FastAPI is a high-performance web framework based on Python that provides a simple and powerful way to create web APIs. It integrates the Pydantic library and Starlette framework, making the development process easier and more efficient.
- Installing dependencies
First, we need to install FastAPI and the corresponding dependencies. It can be installed with the following command:
$ pip install fastapi $ pip install uvicorn
- Create a basic application
Next, we create a simple FastAPI application and add some basic routes and endpoints . In this example, we will create a file called "app.py" and copy the following code into it:
from fastapi import FastAPI
app = FastAPI()
@app.get("/")
def read_root():
return {"Hello": "World"}- Add Authentication and Authorization
Next, we will introduce how to use FastAPI's security features to implement authentication and authorization of requests. We will use OAuth2.0 as the mechanism for authentication and authorization.

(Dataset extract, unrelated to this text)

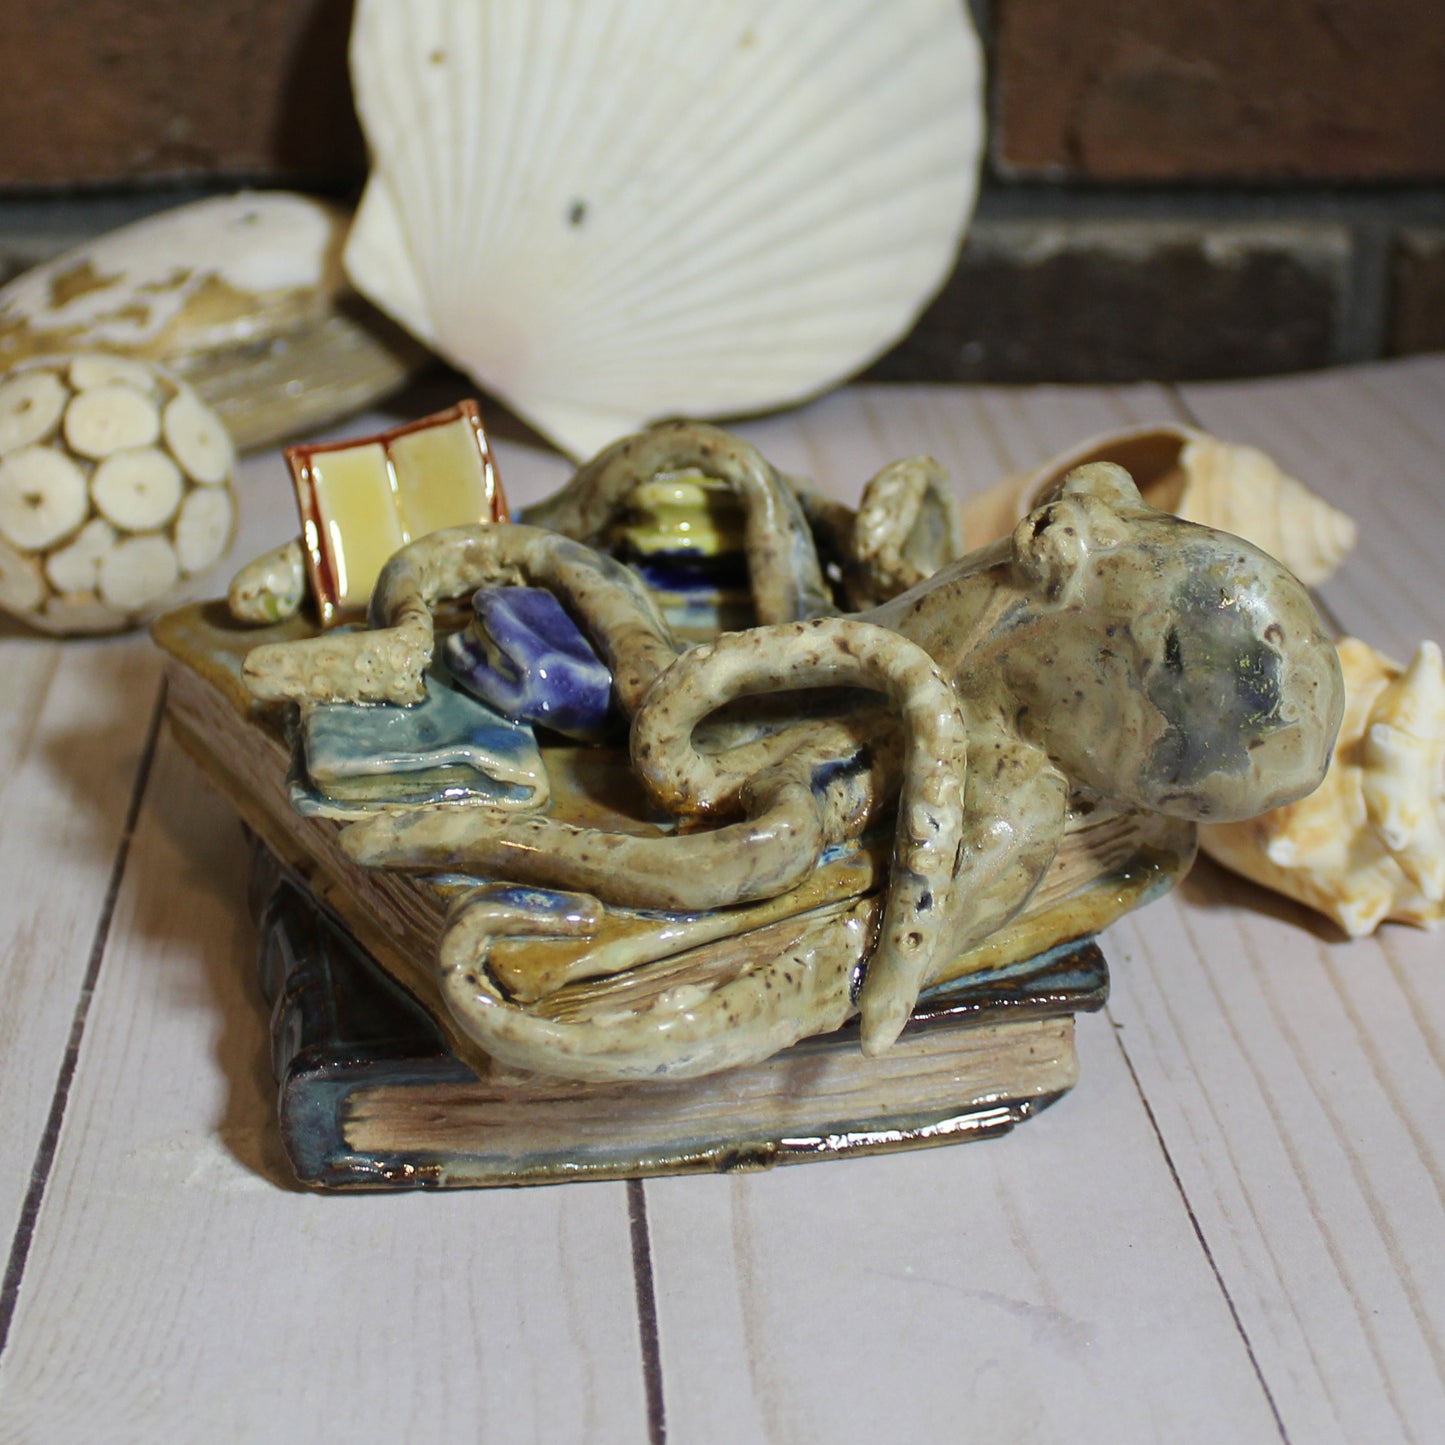 Ceramic Octopus Book Lover Sculpture #2
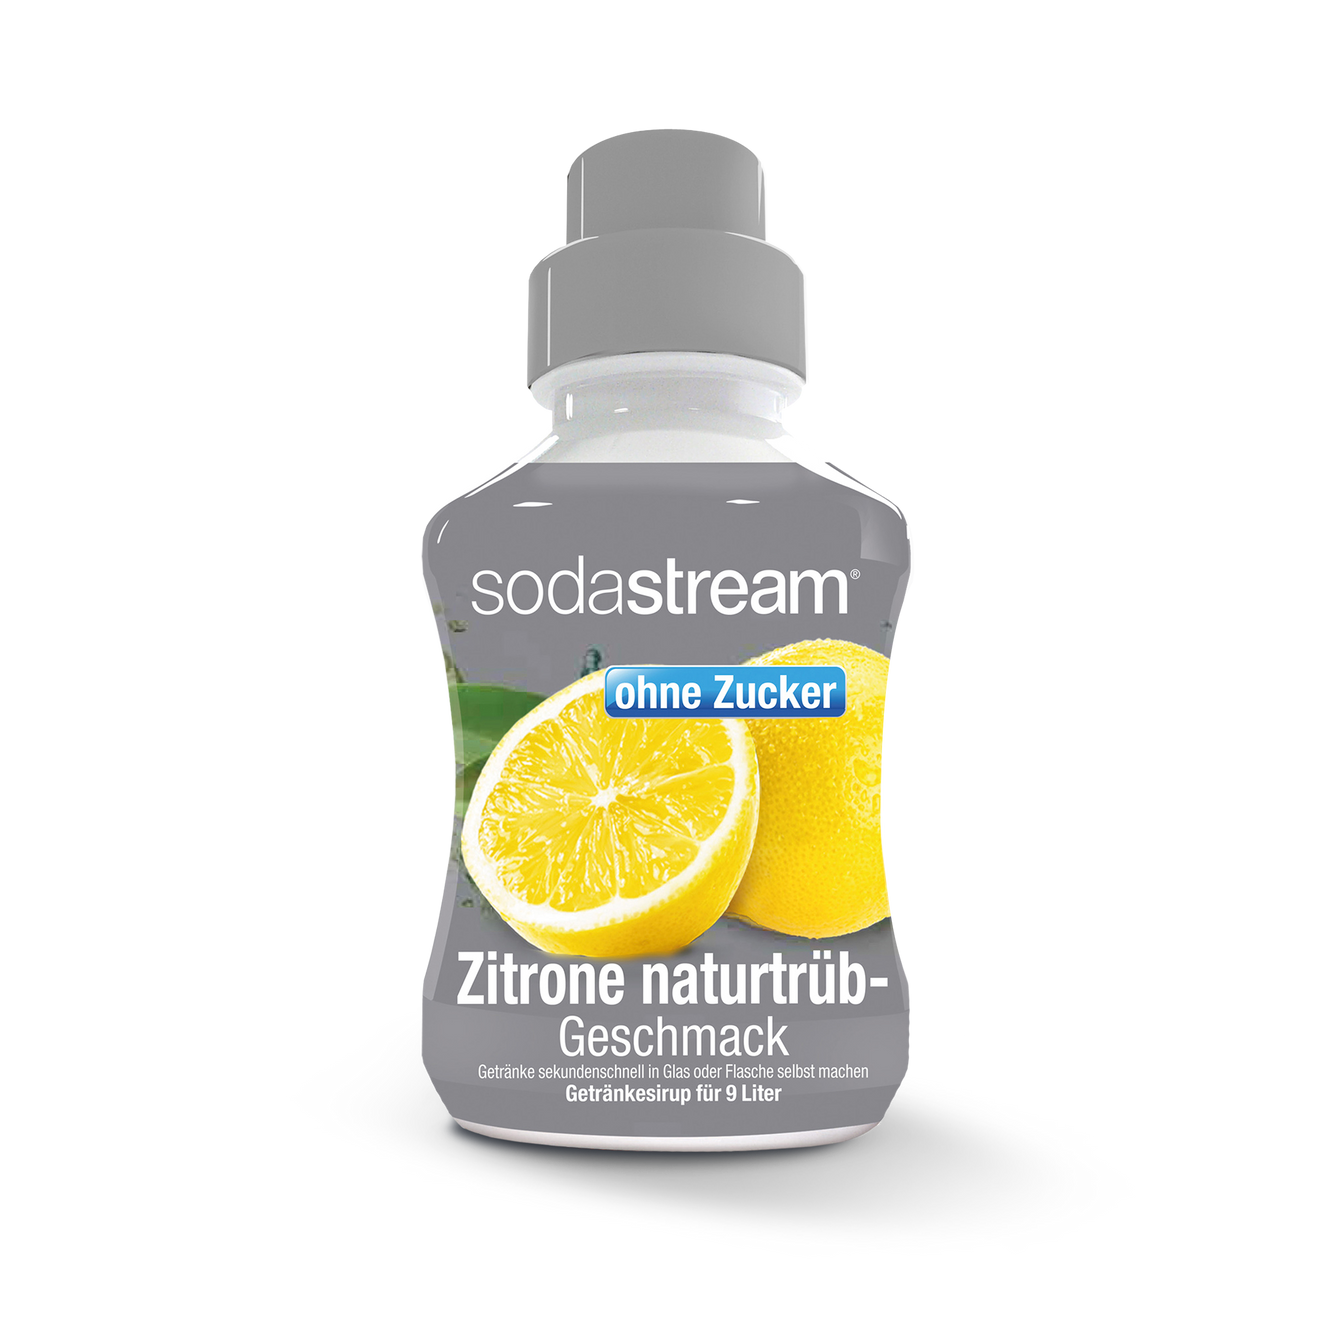 SodaStream Sirup Zitrone-naturtrüb-Geschmack ohne Zucker

First, we need to import the relevant modules and classes:
from fastapi import Depends, FastAPI, HTTPException, status from fastapi.security import OAuth2PasswordBearer, OAuth2PasswordRequestForm from passlib.context import CryptContext
Then, we create a password encryption context:
pwd_context = CryptContext(schemes=["bcrypt"], deprecated="auto")
Next, we define a user model, with For verifying the user's identity:
class User:
def __init__(self, username: str, password: str, disabled: bool = False):
self.username = username
self.password = pwd_context.hash(password)
self.disabled = disabled
def verify_password(self, password: str):
return pwd_context.verify(password, self.password)
def get_user(self, username: str):
if self.username == username:
return selfThen, we create a dummy database and add some user information for testing purposes:
fake_db = [
User(username="user1", password="password"),
User(username="user2", password="password", disabled=True)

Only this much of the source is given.